Month: December 2006

  • we are winding down the semester, and everyone is on edge. 

    after spending quite literally every waking moment (19-20 hours/day) of the past 3 days in the library, i found myself walking home from field placement on sunday, with tears welling up in my eyes > i was so tired i could not see straight.  on the way home, i met Mn, who lives in my house; she’d seen me and had waited so we could walk home together.  one thing led to another, and we ended up in her room, talking and so that i could have a cat-fix (she’s got 3 – ms. kitty, brenda, and bella). 

    now, i really like Mn.  she’s a year ahead of me, so she’ll graduate in may, and she is very very cool; she’s the kind of person i’d like to be when i grow up.  after me sitting in her chair, drinking diet dr. pepper with tears just streaming down my face and blathering for 15 minutes or so, i finally pull myself together.  turns out it was a good thing i needed to be with a friend because so did she.

    she told me that someone (she didn’t say whom) had ‘outed’ her to her diocese, and that she’d gotten a call from her bishop telling her that the canon to the ordinary (that’s the person who has the power over the commission on ministry that has the power over your ordination prospects) had found out about her sexuality.  now, Mn and i have never discussed if she were gay or straight > since i’m not looking for someone, and since i’m straight, it just never came up, and, to be honest, i never even thought about it one way or the other. 

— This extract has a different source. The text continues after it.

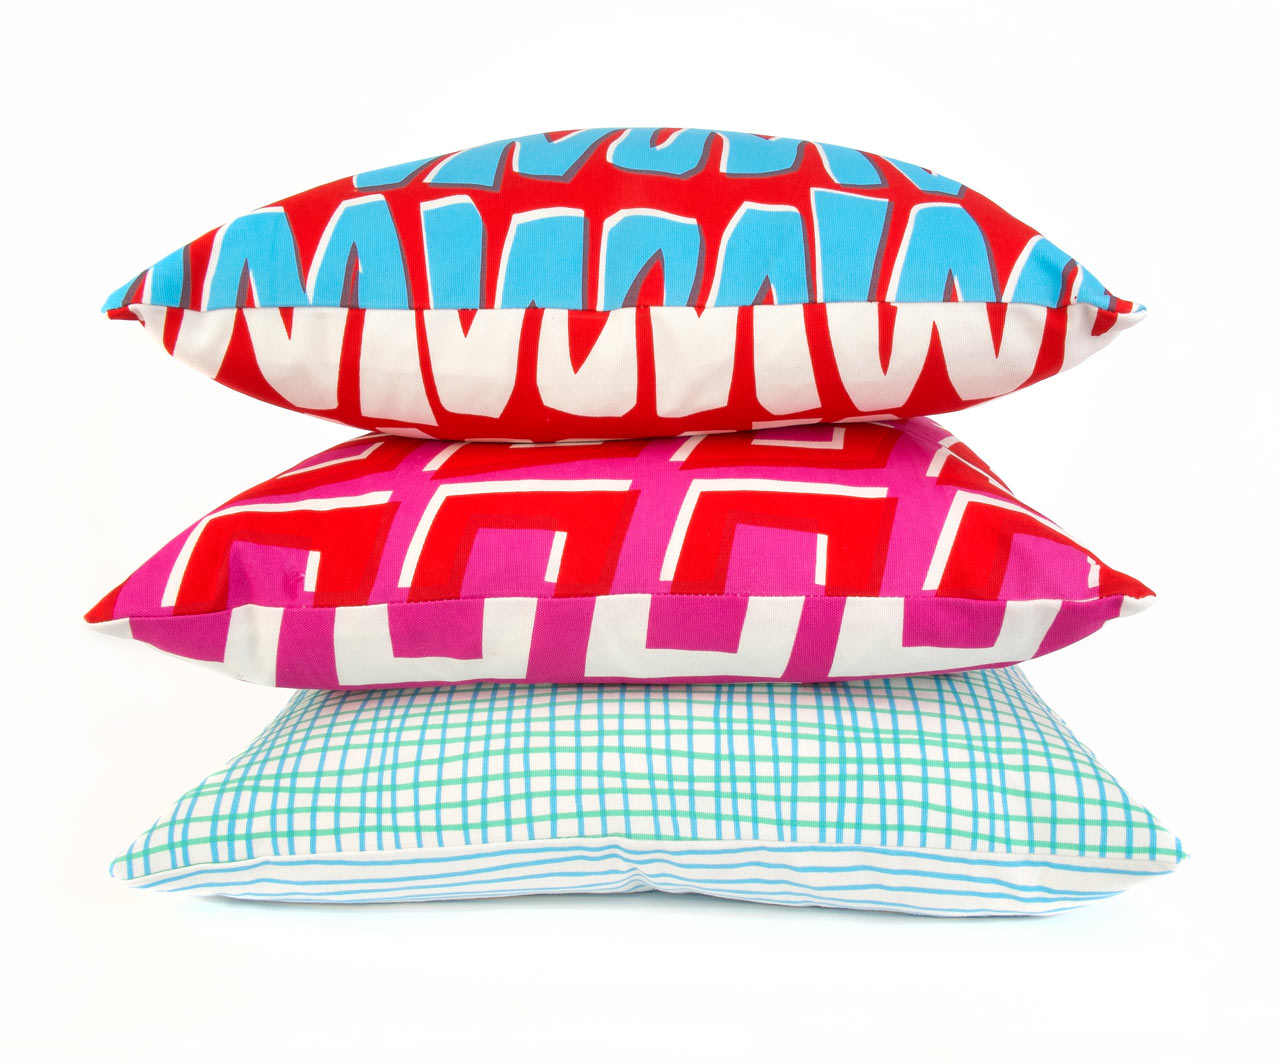 An Irresistible Collection of Hand-Printed Pillows

    she said at the time she went to seminary, she was not aware of her orientation; she only became conscious of the fact that she’s a lesbian relatively recently.  she told her bishop once she realized because that was only fair, and her diocese is against the ordination of openly gay/lesbian persons.  her bishop was going along with things since no one else knew and since Mn was single, celibate, and not looking.  now, other people know, and so she might not be able to be ordained. 

    it is completely not fair.  she is a wonderful person, will be a great priest… she’s got an excellent rapport with youth, and i’ve heard her preach, and it’s meaningful and moving…  she has been upfront with her diocese > it’s not like she hid anything.  and then someone from here  was the one who spread the word, which should be her secret to share.  i am so saddened for her.  she won’t be able to be ordained at all in her diocese now, and so she would need to go somewhere else, possibly starting the discernment process over again in that place. 

    just one more person facing one more hurdle, dealing with more pain…. hello, God, we’ve done everything you want — can we be priests now?

  • peter boyle Peter Boyle died today… he had multiple myeloma.  although most folk probably know him better as the dad, Frank, on “Everybody Loves Raymond”, i knew him best as the monster in “Young Frankenstein”.  i love that movie, and i loved him in that movie….

    i finished my major paper for my Liturgics class.  i ended up working until 2:30AM wednesday morning, slept for 3 1/2 hours, got up at 6AM and worked until 11AM when i was finally done.  it ended up being eleven pages when the minimum was 10, and i hope i did an adequate job.  i hate that feeling when you have given everything you have but you still feel like there should have been something more you could have/should have said about the whole topic…. well, i put it in campus mail wed morning, and there’s nothing more i can do about it.  it’s in God’s hands now. 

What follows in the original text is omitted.